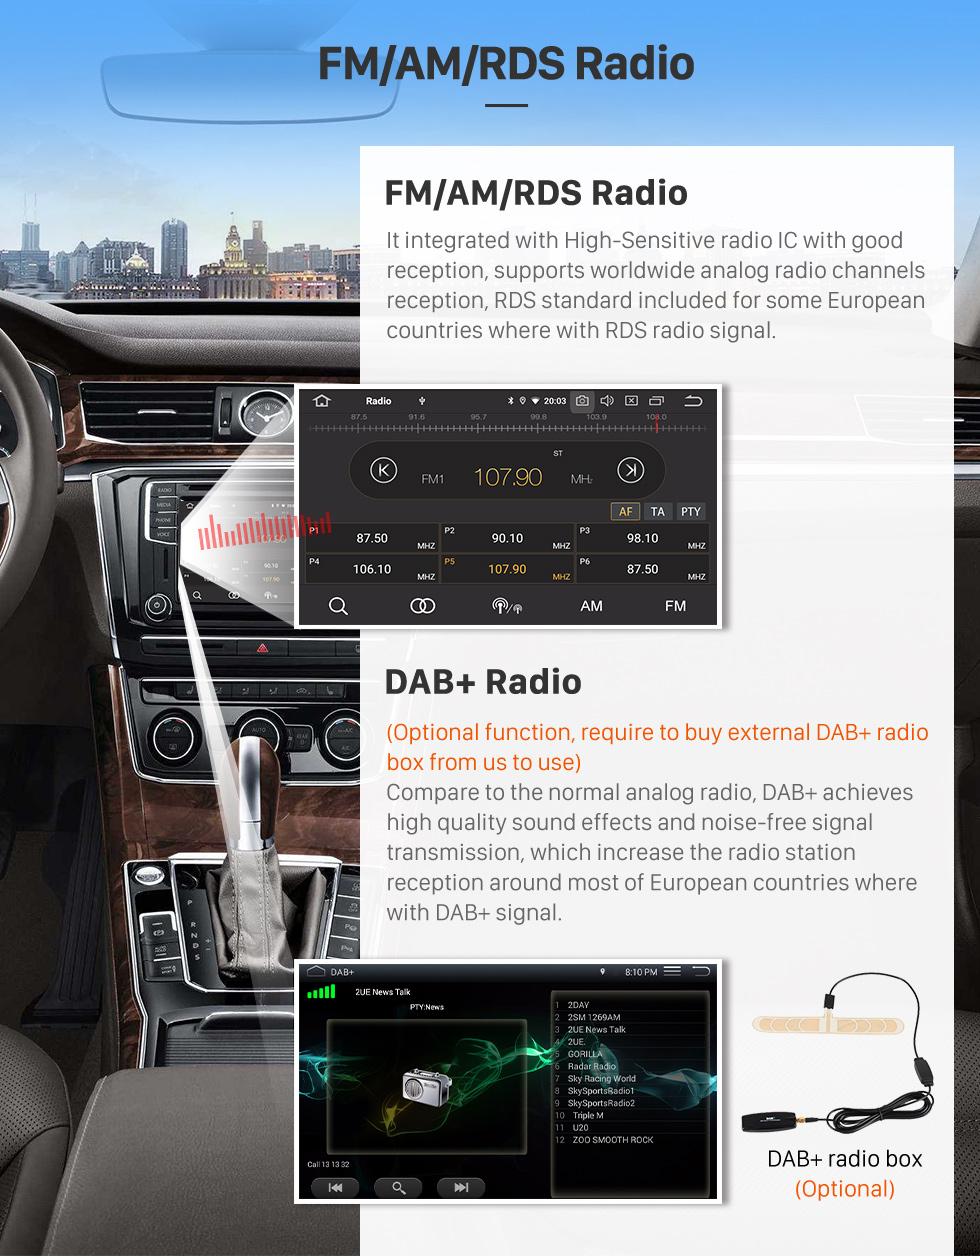 Seicane OEM 9 inch Android 9.0 Radio for 2015 Mahindra Scorpio Manual A/C Bluetooth Wifi HD Touchscreen GPS Navigation Carplay support DAB+ Rear camera
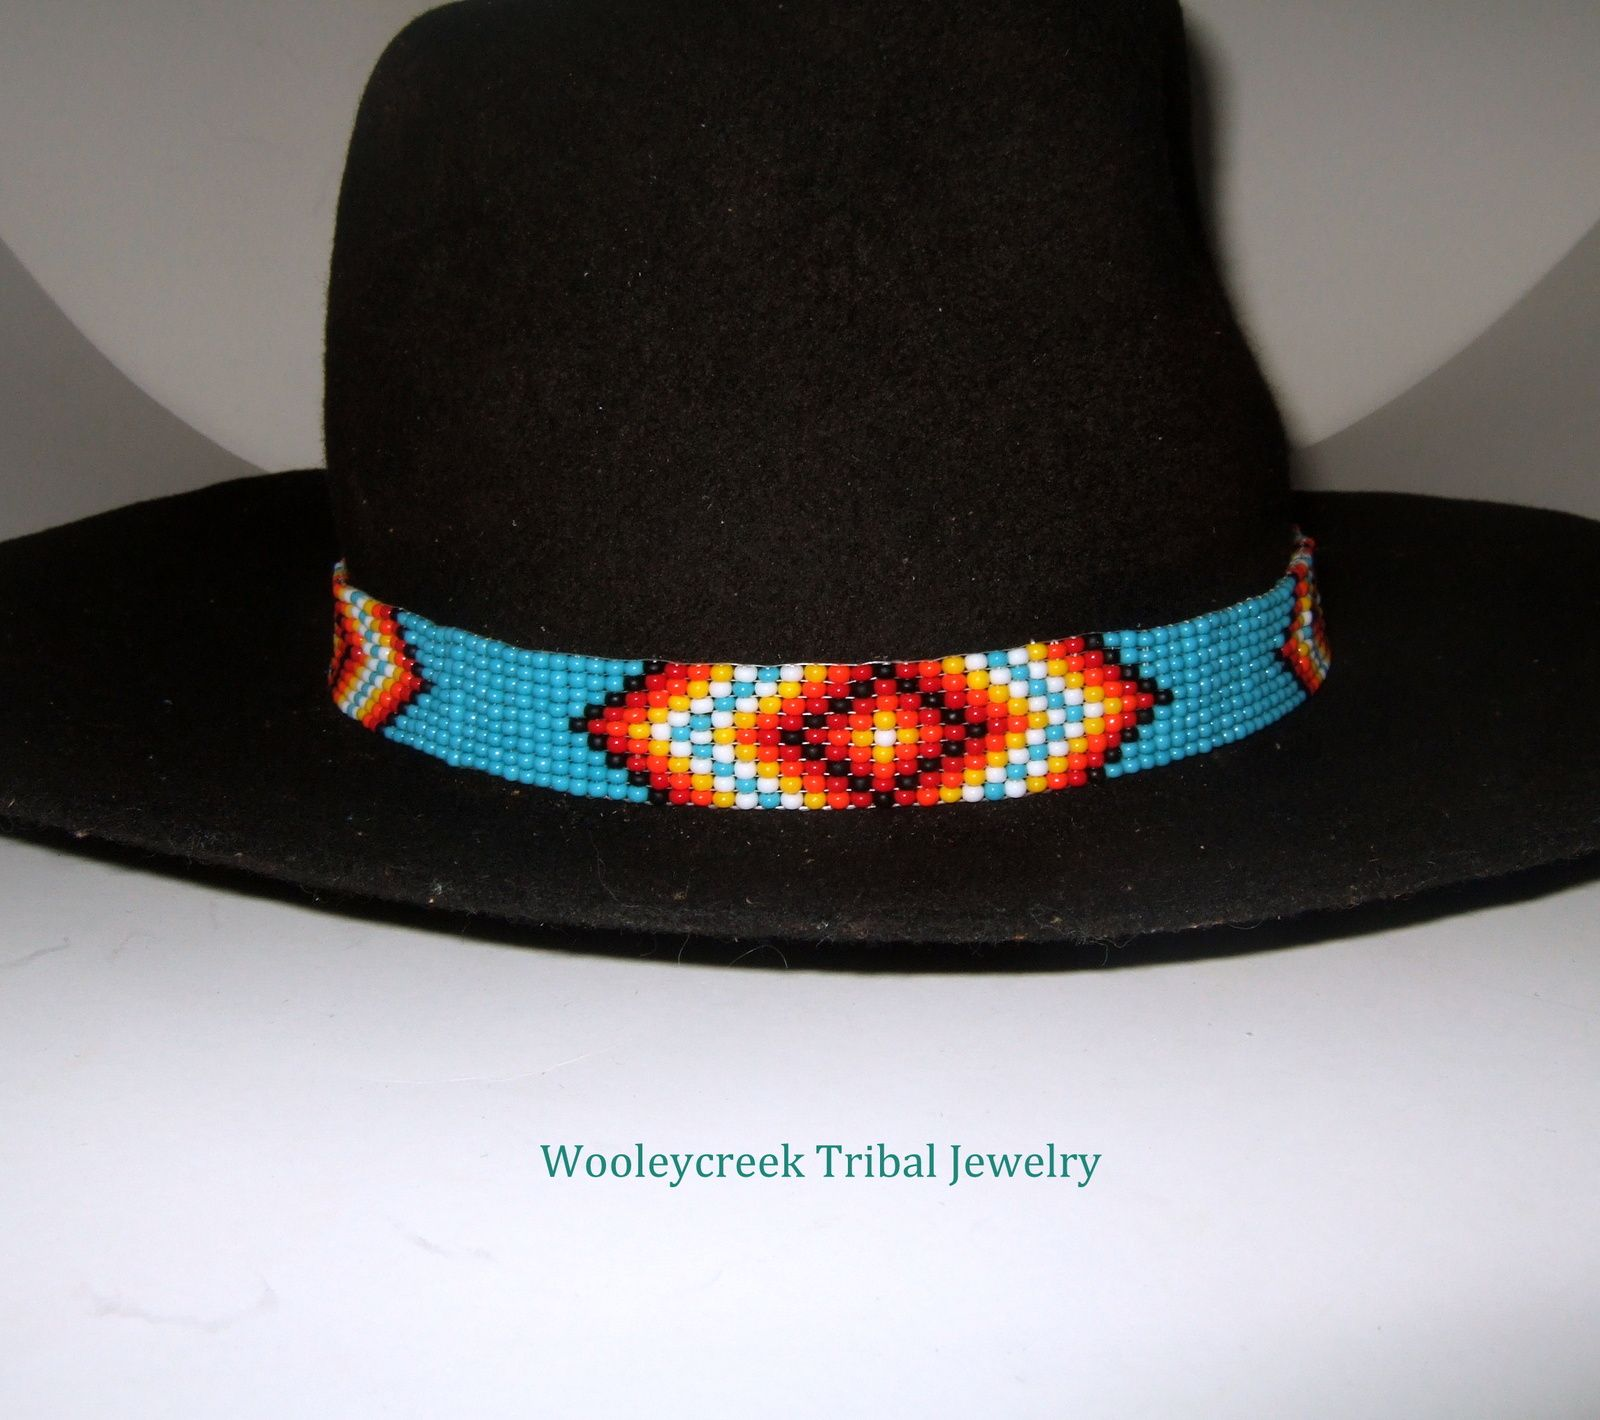 Beaded Hatband With Tribal Geometric Loom Work Motif Beaded Hat Bands Beaded Hatband Winter Hats For Men
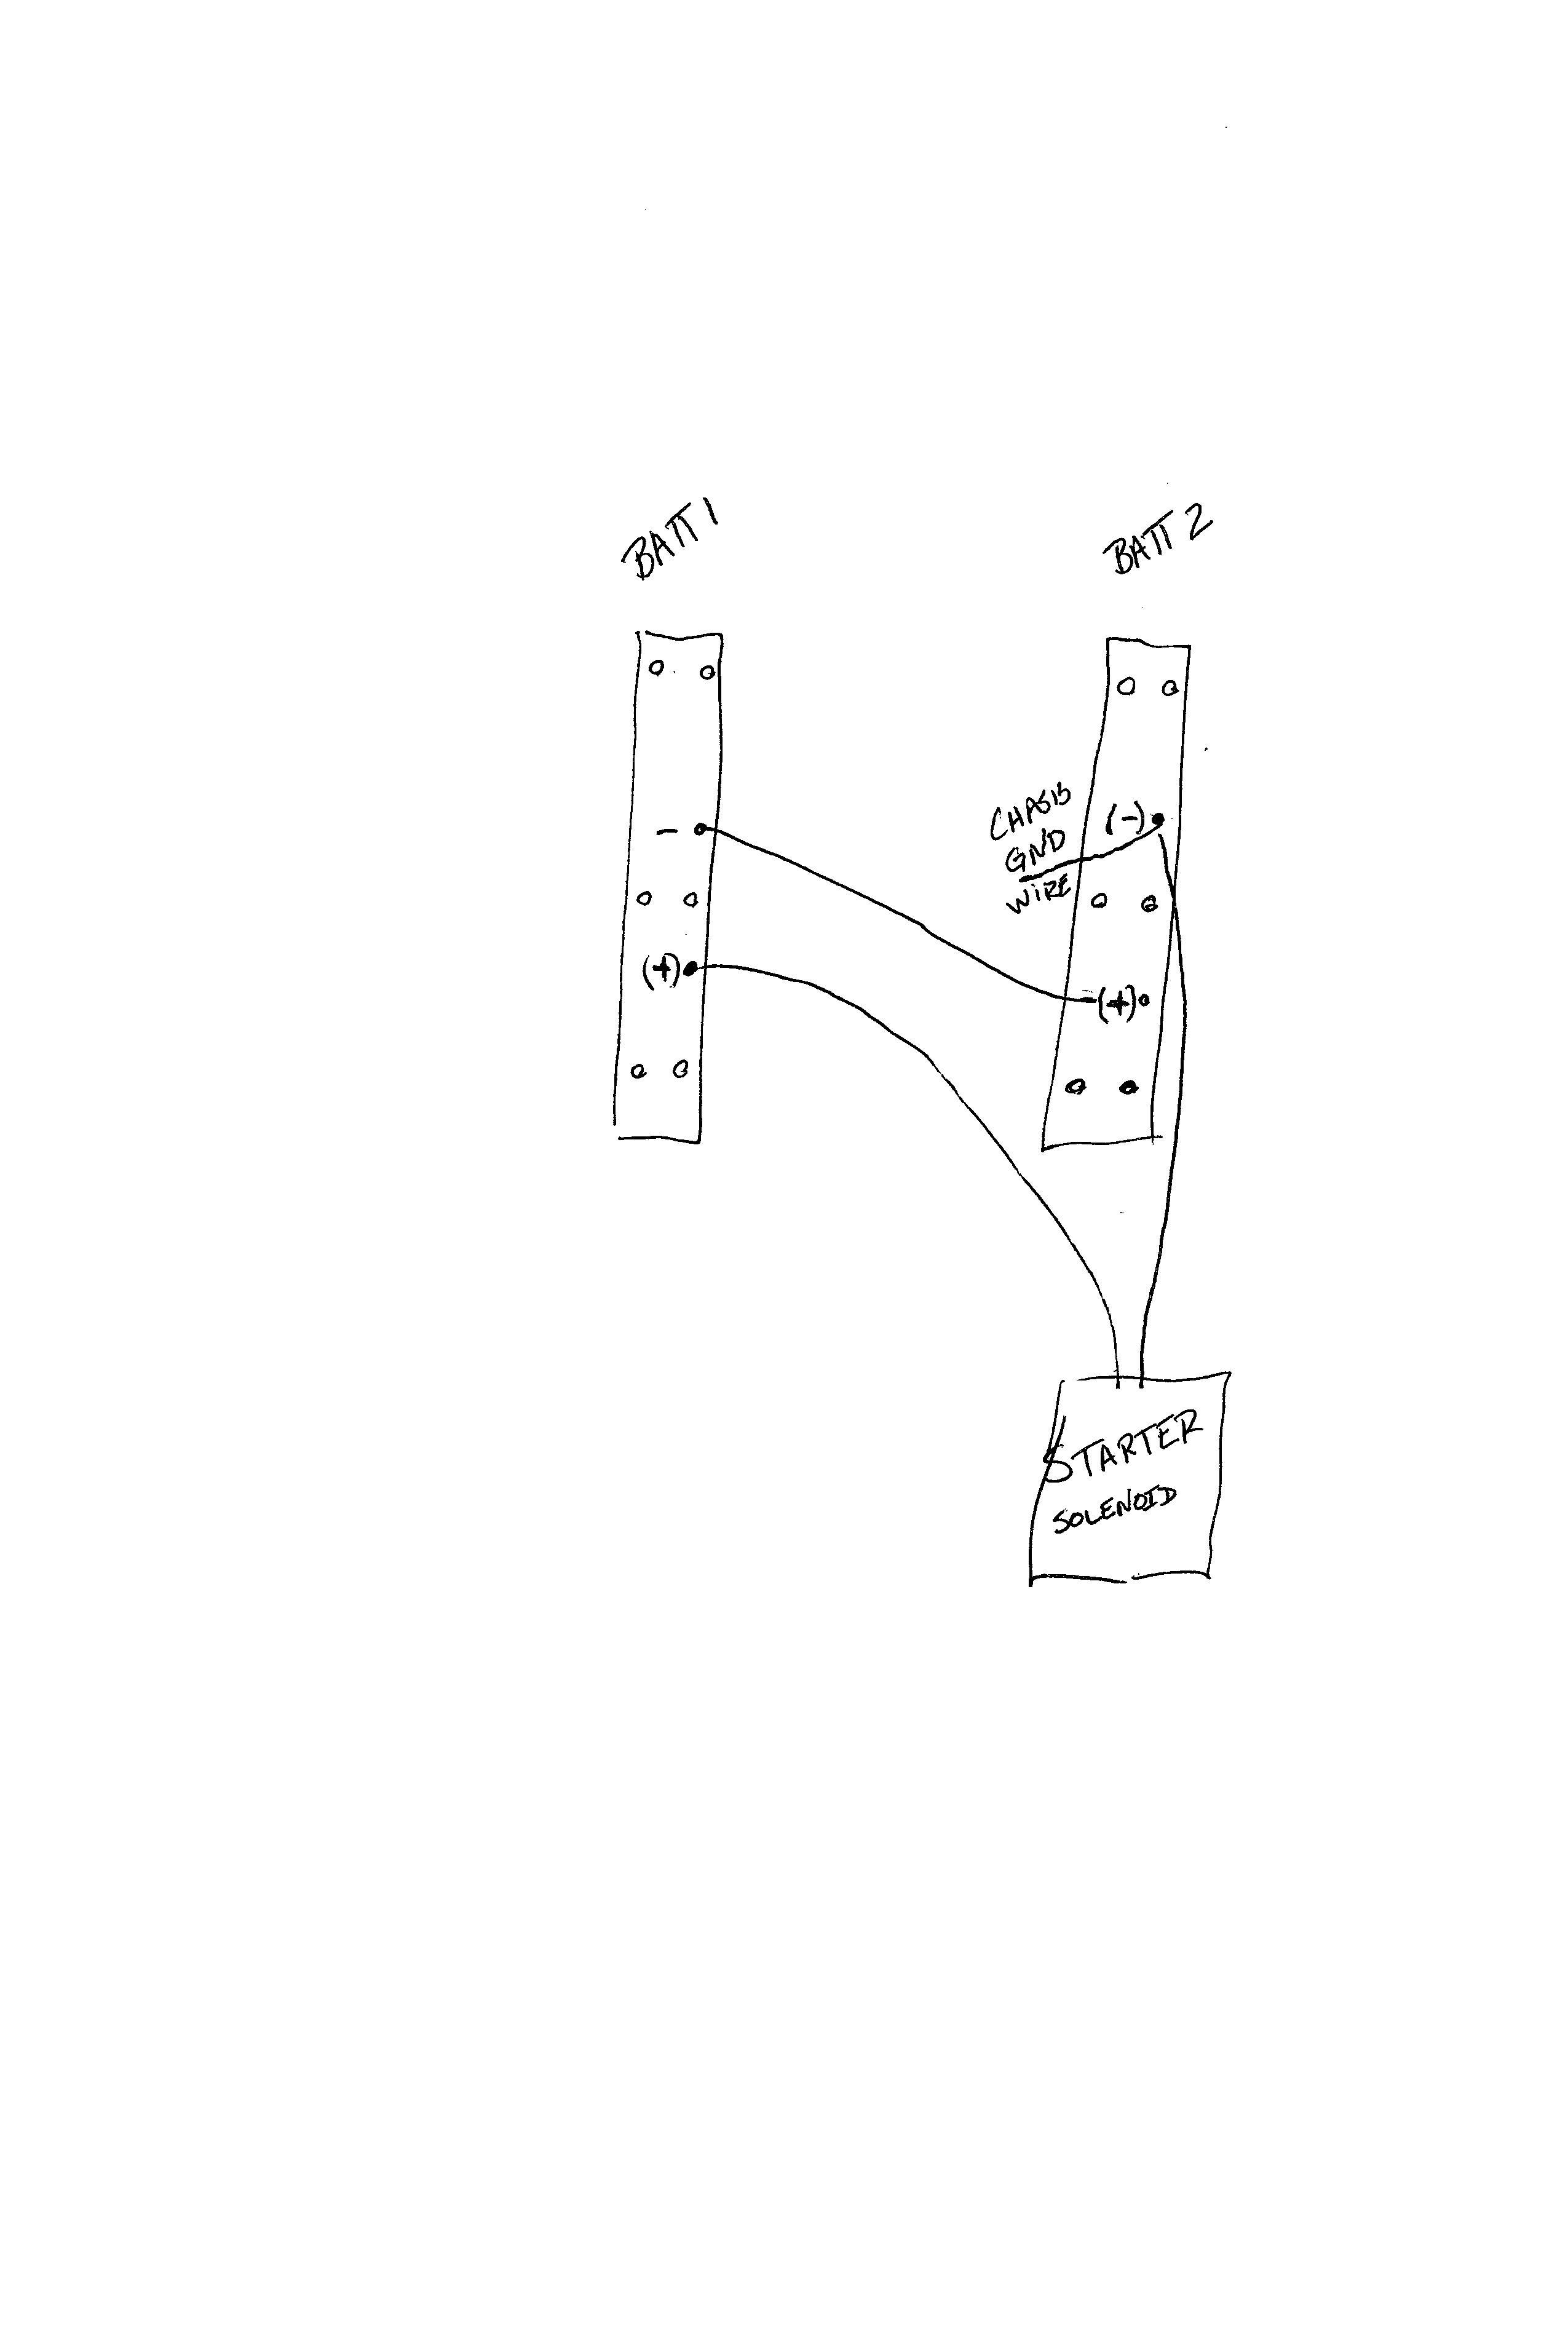 John Deere 3020 sel 24V Electrical System on

**********

> Task description
Would you restate the listing word for word and leave every picture out?

> Result
 Seicane OEM 9 inch Android 9.0 Radio for 2015 Mahindra Scorpio Manual A/C Bluetooth Wifi HD Touchscreen GPS Navigation Carplay support DAB+ Rear camera
 Beaded Hatband With Tribal Geometric Loom Work Motif Beaded Hat Bands Beaded Hatband Winter Hats For Men
 John Deere 3020 sel 24V Electrical System on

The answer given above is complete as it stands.